Asian J Androl 2002 Sep; 4: 175-178          

Keywords: Alstonia scholaris; testis; sperm motility; sialic acid; Sertoli cells

Abstract

Aim: To evaluate the antifertility effect of Alstonia scholaris bark extract in male rats. Methods: In male Wistar rats Alstonia scholaris bark extract was given by oral route at a dose of 200 mg/day for 60 days. The fertility and testicular function were assessed by mating tests, sperm motility, sperm concentration, biochemical indices and testicular cell population dynamics. Results: Oral feeding with the extract at a dose of 200 mg/day for the period of 60 days did not cause body weight loss, while the weights of testes, epididymides, seminal vesicle and ventral prostate were significantly reduced. The production of step-19 spermatids was reduced by 79.6 % in treated rats. The population of preleptotene and pachytene spermatocytes were decreased by 61.9 % and 60.1 %, respectively. Spermatogonia and Sertoli cell population were also affected. The seminiferous tubule and Leydig cell nuclear area were reduced significantly (P<0.01) when compared to the controls. Reduced sperm count and motility resulted in a total suppression of fertility. A significant fall in the protein and sialic acid content of the testes, epididymides, seminal vesicle and ventral prostate as well as glycogen content of testes were also noticed. The fructose content in the seminal vesicle was lowered whereas the testicular cholesterol was elevated as compared with the controls. The following compounds were obtained from the extract with chromatographic separation over Si-gel column: a-amyrin, b-amyrin, lupiol acetate, venenative, rhazine and yohimbine. Conclusion: At the dose level employed, Alstonia scholaris bark extract has a significant antifertility effect in male rats; the primary site of action may be post meiotic germ cells (Step 19 spermatids).

1 Introduction

Alstonia scholaris (Apocynaceae) commonly known as saptparni in sanskrit, is a plant distributed throughout the tropical and subtropical regions of the world. The plant is available in Jaipur, Rajasthan (India). The species of Alstonia are used in traditional system of medicine [1]. The extract of its root bark exhibited cytotoxic activity against two human lung cancers, adenocarcinoma and large cell carcinoma. Some of the Alstonia species have also been used for the cure of malaria [2]. The Alstonia species are indicated to be rich in alkaloids [3].

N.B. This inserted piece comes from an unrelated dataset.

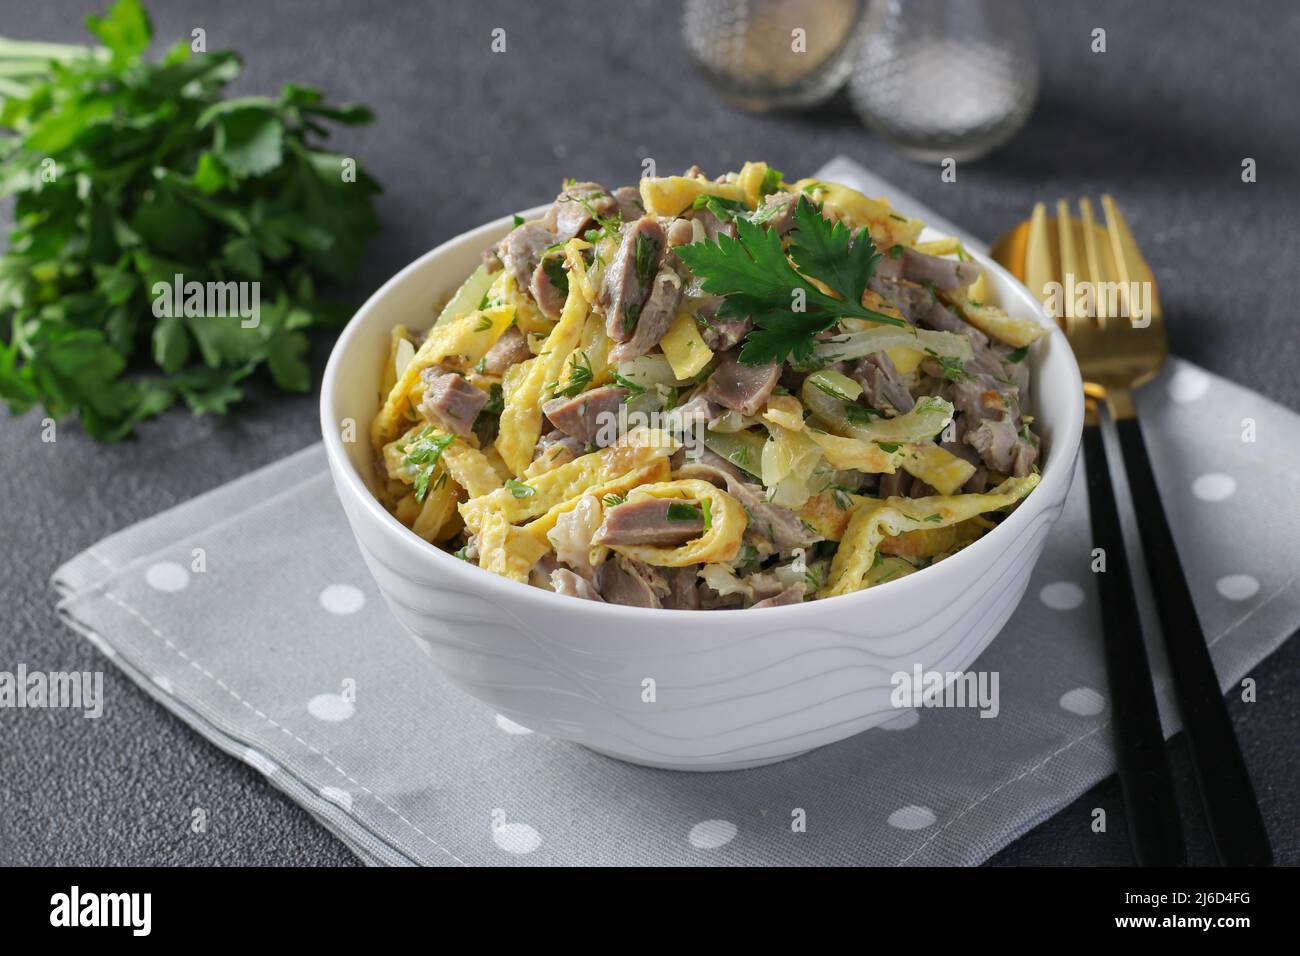 Salade avec stomachs de poulet, crêpes brouillés et oignons frits dans un bol blanc sur fond gris foncé Banque D'Images
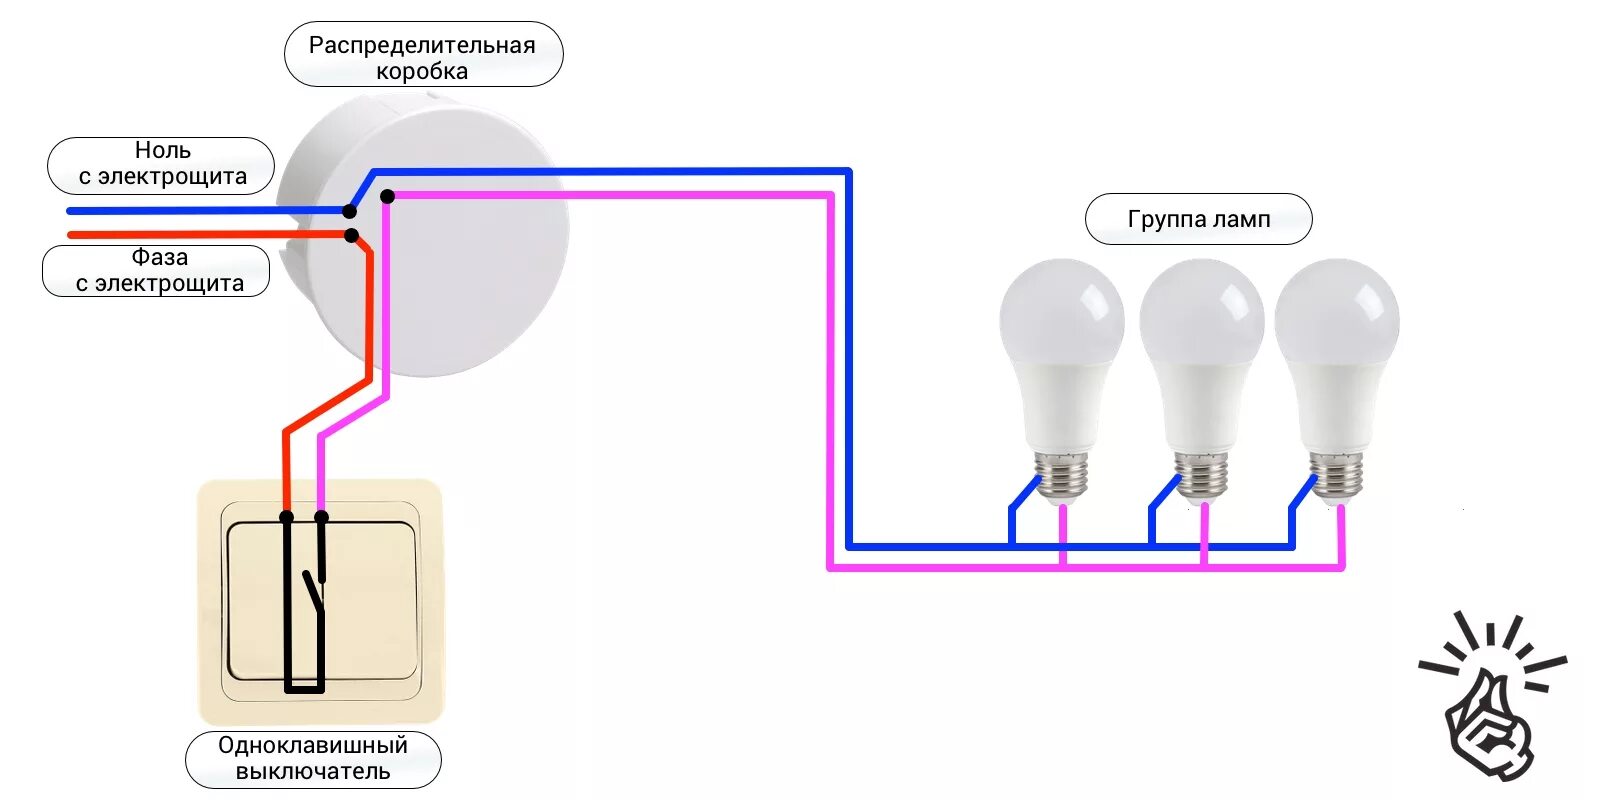 Свет с тремя выключателями. Схема подключения одноклавишного выключателя на две лампочки. Схема подключения одноклавишного выключателя на две лампы. Схема подключения одноклавишного выключателя к лампе. Схема подключения выключателя одноклавишного к 2 лампочкам.

However, no attention was paid to its possible effect on the reproductive system of mammals. In the present study the male antifertility activity of Alstonia scholaris bark extract was investigated.

2 Material and methods

2.1 Plant material

Alstonia scholaris bark was harvested in Sep. 2000 from Jaipur region (India) and authenticated by Dr. Navjyot Sarana, Associate Professor, Department of Botany, University of Rajasthan, Jaipur (India).

2.2 Extraction and isolation

Shade dried and powdered stem bark of Alstonia scholaris was extracted with ethanol for about 46-48 h. The filtrate obtained was concentrated under reduced pressure and yielded a dark brown semi-solid mass. The extract so obtained was washed with petroleum ether for the removal of the fat portion. This fat free part was extracted with benzene. A part of this final extract was employed in the study on its biological activity and the rest, for the isolation of constituent compounds by means of chromatographic separation over Si-gel column.

2.3 Animals

Wistar rats, weighing 150-160 g, obtained from Jamia Hamdard, Hamdard University, New Delhi were used. Animals were housed in steel cages and maintained under standard conditions (12 h light/ 12 h dark cycle; 253; 35 %~60 % relative humidity). Rat feed (Hindustan Lever Ltd.) and tap water were provided ad libitum.

2.4 Study protocol

Male rats of proven fertility were divided into two groups of 10 each. Group 1: Controls, receiving vehicle (distilled water, 0.5 ml/day) for 60 days. Group 2: Treated, receiving the extract (200 mg/day) for 60 days.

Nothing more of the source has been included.